一、requests
request is a request library, used to obtain information page.
First, remember to import libraries ah, this is a third-party library, py does not own, do not have a small venue and my last partner can install third-party libraries Tutorial
import requests
We describe several common functions
1> request command
import requests
url = 'https://www.163.com'
resp = requests.get(url)
In fact, get use with almost constructor, it is a lot of argument, here we mainly use the url and two headers.

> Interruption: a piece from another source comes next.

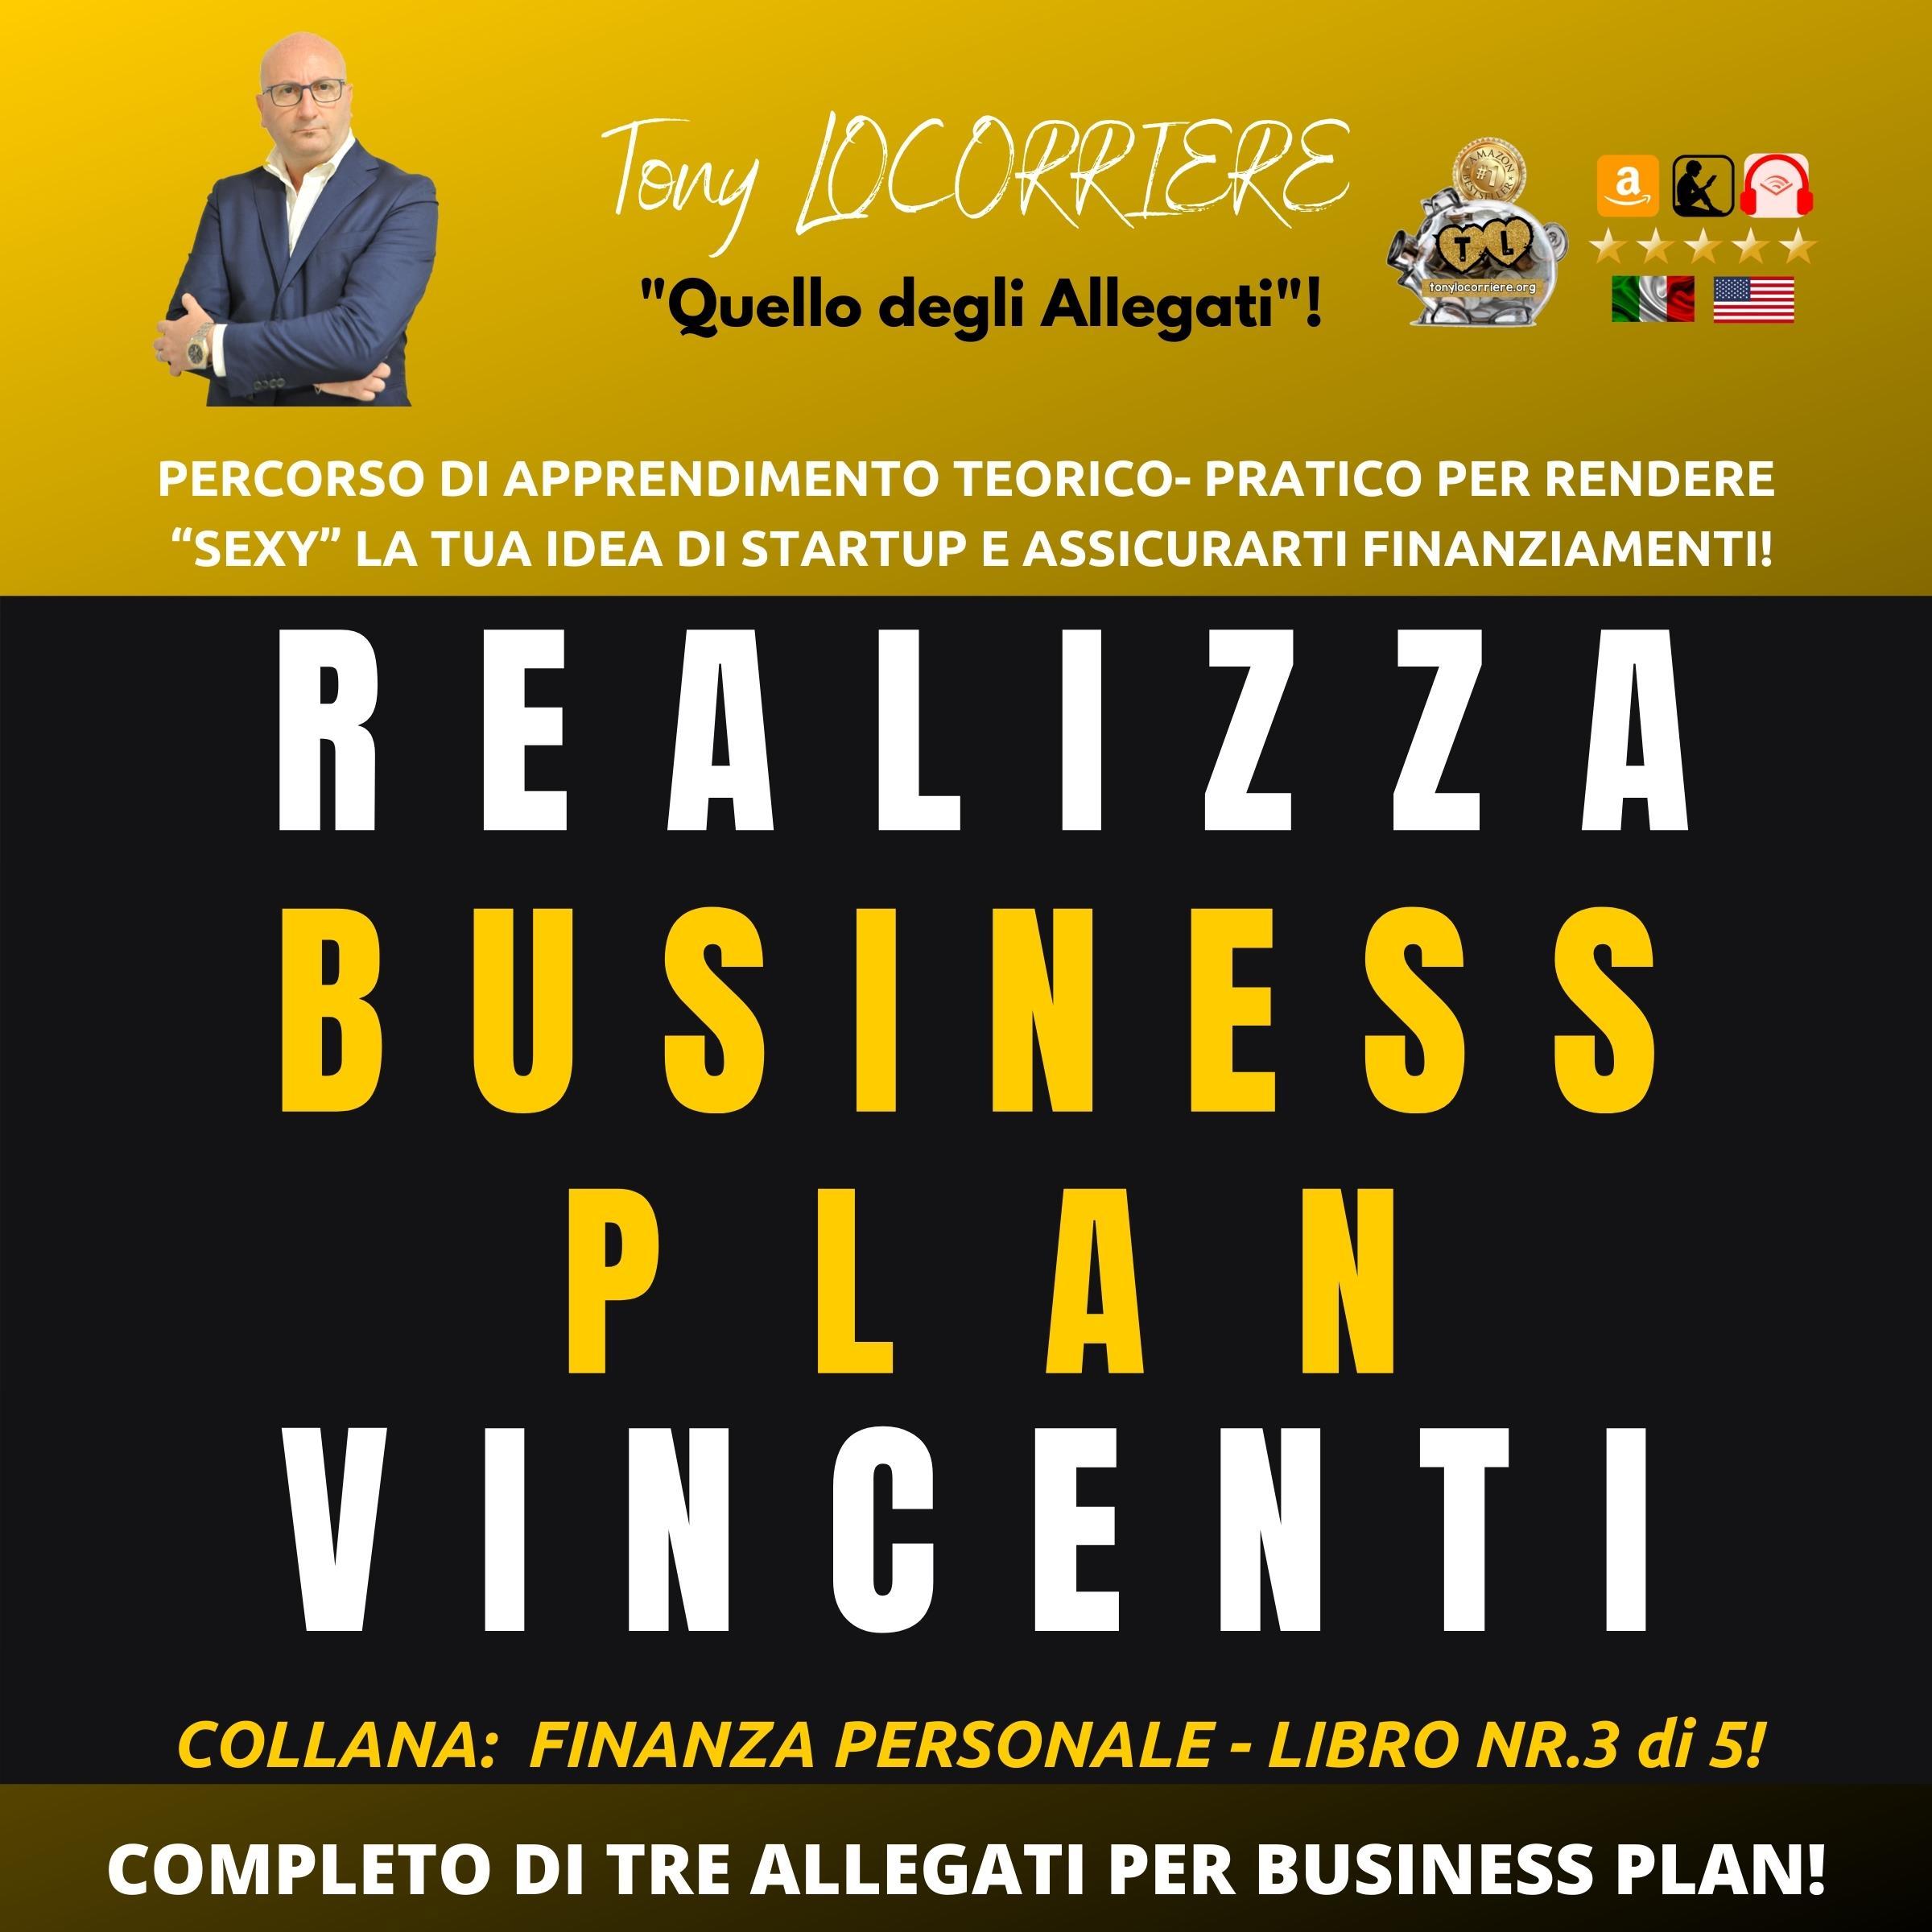 Realizza Business Plan Vincenti

url : learned to understand the nature of the meter network, never learned ...... ah is simply to crawl the site. . . Address, right? (Inaccurate) it is actually the browser address box.
headers : request headers, and sometimes the site will have anti-climb, this can add to climb more real. This place speaks back.
2> status code
import requests
url = 'https://www.163.com'
resp = requests.get(url)
print(resp.status_code)
# >>200
Taken crawling state. If 200 represents a success.
3> display information in text format
import requests
url = 'https://www.163.com'
resp = requests.get(url)
print(resp.status_code)
print(resp.text)
You can see, I put Netease Home content crawling out, this is actually the source of the page, I use Chrome, F12 keys can be viewed in a browser
4> Display source information
import requests
url = 'https://www.163.com'
resp = requests.get(url)
print(resp.status_code)
print(resp.text)
html = resp.content
On a text is to use a text format, we use the method of content stored in the variable html in.
These are the basic operation requests, let's start parsing the source code.
二、BeautifulSoup
First or import library
from bs4 import BeautifulSoup as bes
1, first of all we need to parse html into a format that can bs4
from bs4 import BeautifulSoup as bes
soup = bes(html, 'html.parser') # 转化为bs4能解析的格式
2, the positioning element
There are many ways to locate elements, Here I introduce a few simple, easy to use, common.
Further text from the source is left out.